Em 2006, a Fiat lançou o Siena Tetrafuel, versão do sedã que já saía de fábrica pronta para rodar com gasolina, etanol, benzina (gasolina pura comercializada em países da América do Sul) e GNV. Não era preciso fazer qualquer adaptação. Bastava abastecer o carro. Mas o modelo foi descontinuado e, em 2019, a montadora lançou o Grand Siena 1.4 flex com a predisposição de fábrica para receber o GNV. Na prática, o cidadão compra o carro e tem que levá-lo em uma oficina especializada e autorizada para fazer a instalação do kit GNV.

Segundo a Fiat, o motor tem o cabeçote e a sede de válvulas produzidos com material especial para evitar desgaste prematuro em razão do uso do gás. O novo coletor tem parede reforçada e preparação que facilita a instalação dos bicos injetores de gás, evitando possíveis danos e gambiarras na instalação e manutenção do kit. A predisposição para o GNV é vendida como opcional e custa R$ 720. Depois, basta levar o carro a uma oficina autorizada pelo Inmetro para fazer a instalação do kit GNV, que, na Geração 5, custa, em média, R$ 4.500. Feito isso, é só rodar e fazer a vistoria da instalação a cada seis meses, testando os cilindros a cada 5 anos, para conferir possíveis vazamentos.

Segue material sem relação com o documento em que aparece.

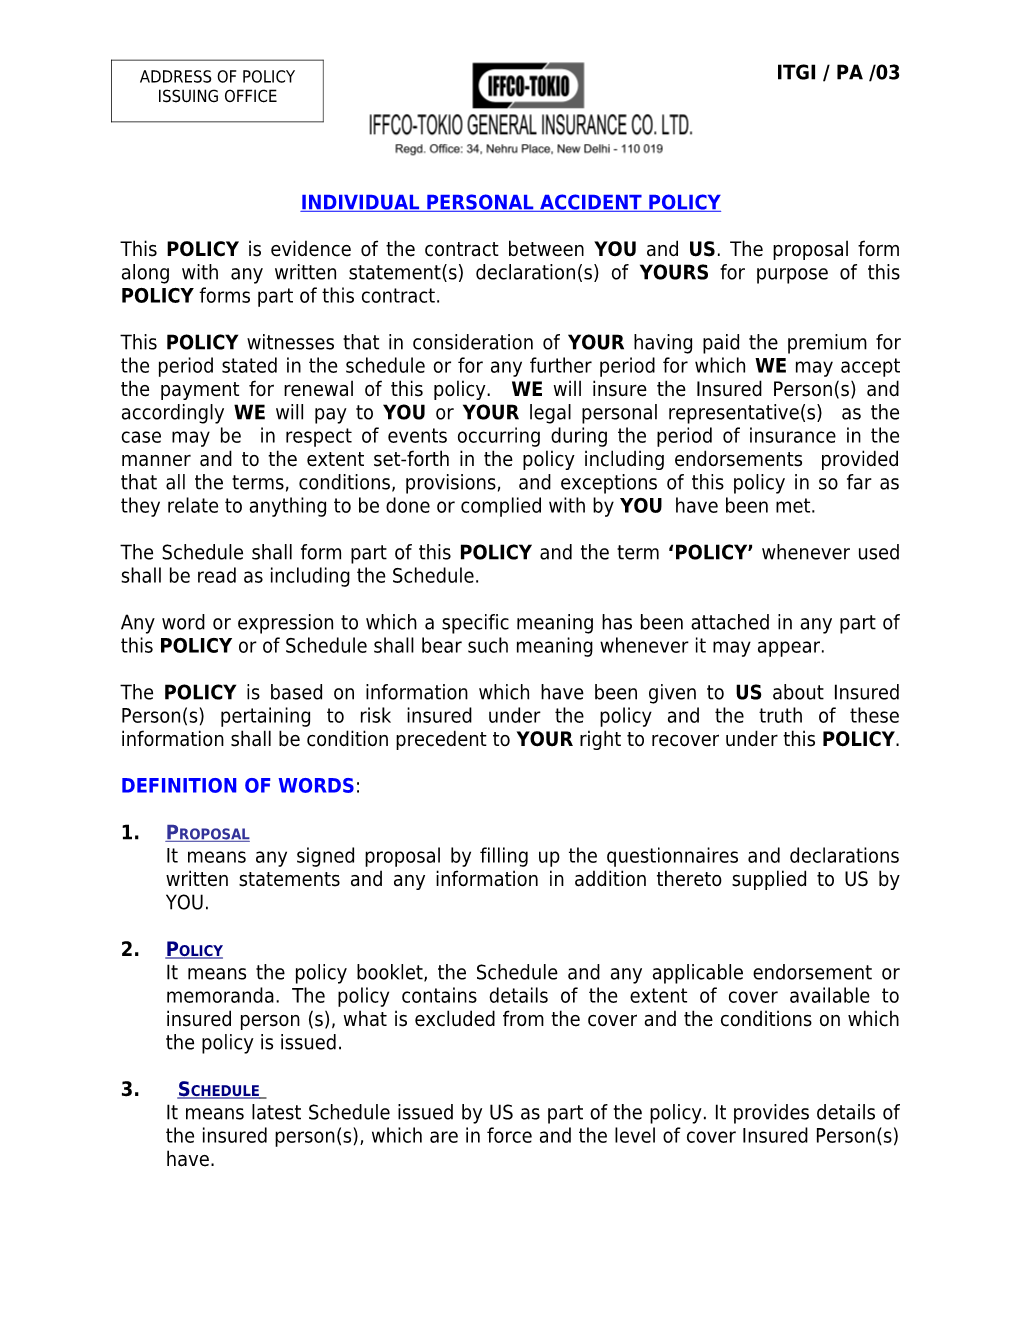 Individual Personal Accident Policy

O GNV é indicado para profissionais que rodam muitos quilômetros por dia, como taxistas, frotistas, locadoras e motoristas de aplicativo. De acordo com a Fiat, o kit GNV Geração 5 conta com sistema de injeção eletrônica de gás natural que minimiza a perda de potência, pois comuta entre o GNV, a gasolina, etanol ou diesel. O sistema usa o GNV como combustível principal, proporcionando até 60% de economia ao usuário. Ainda de acordo com o fabricante, o kit resulta em redução média de 20% nas emissões de CO² na atmosfera.

Faça as contas

Testamos o Grand Siena com o kit GNV, que traz, no porta-malas, dois cilindros de 7,5m³ cada, de gás, proporcionando uma autonomia média de 200 quilômetros. Com o preço médio do metro cúbico do GNV a R$ 3,32, gastamos R$ 49,80 para abastecer os dois tanques, resultando em R$ 0,25 por quilômetro rodado. Com gasolina no tanque, considerando consumo médio de 11km/l e preço de R$ 5,56 por litro, gasta-se cerca de R$ 100 para rodar 200 quilômetros. Nesse caso, o quilômetro rodado sai a R$ 0,52.

Comparando os gastos com gasolina e GNV, o uso do gás gera uma economia mensal de R$ 804,33 e anual de R$ 9.652. Se a comparação for feita com etanol, com preço médio de R$ 4,09, a economia mensal a favor do GNV é de R$ 877,45 e anual de R$ 10.530. Considerando o adicional de R$ 720 pela predisposição e R$ 4.500 pelo kit, em cerca de seis meses, com a economia que se faz, paga-se o kit completo de GNV.

O Grand Siena traz no console a chave comutadora que permite ativar ou desativar o uso de GNV. A Fiat garante que o gás não compromete o desempenho do sedã, mas, na prática, não foi bem isso que constatamos. O motor 1.4 já tem o desempenho limitado, contudo, melhora um pouco quando se abastece com etanol. Usando o GNV, o desempenho cai bastante, principalmente em subidas, onde é preciso trocar de marchas constantemente. O sistema apresentou, em alguns momentos, falha de funcionamento com o gás natural, “engasgando” em baixas rotações.

O câmbio manual de cinco marchas tem relações mais curtas, que ajuda um pouco a minimizar o problema do desempenho, mas os engates não são muito precisos e o curso da alavanca é longo. A direção tem assistência hidráulica, com boas cargas em manobras e velocidades elevadas. As suspensões garantem equilíbrio entre estabilidade e conforto de marcha, e os freios atuaram de forma eficiente, apesar do peso extra dos cilindros no porta-malas, que perde boa parte do espaço.

Alguns estados concedem descontos ou isenção no IPVA para carros com o kit GNV. Não se pode esquecer que é preciso fazer vistoria a cada seis meses no kit GNV, o que gera custo. E vale lembrar, ainda, a pequena disponibilidade de postos com GNV. Portanto, apesar da economia gerada com o kit GNV, é preciso fazer contas para verificar se vale mesmo a pena investir no uso de gás natural.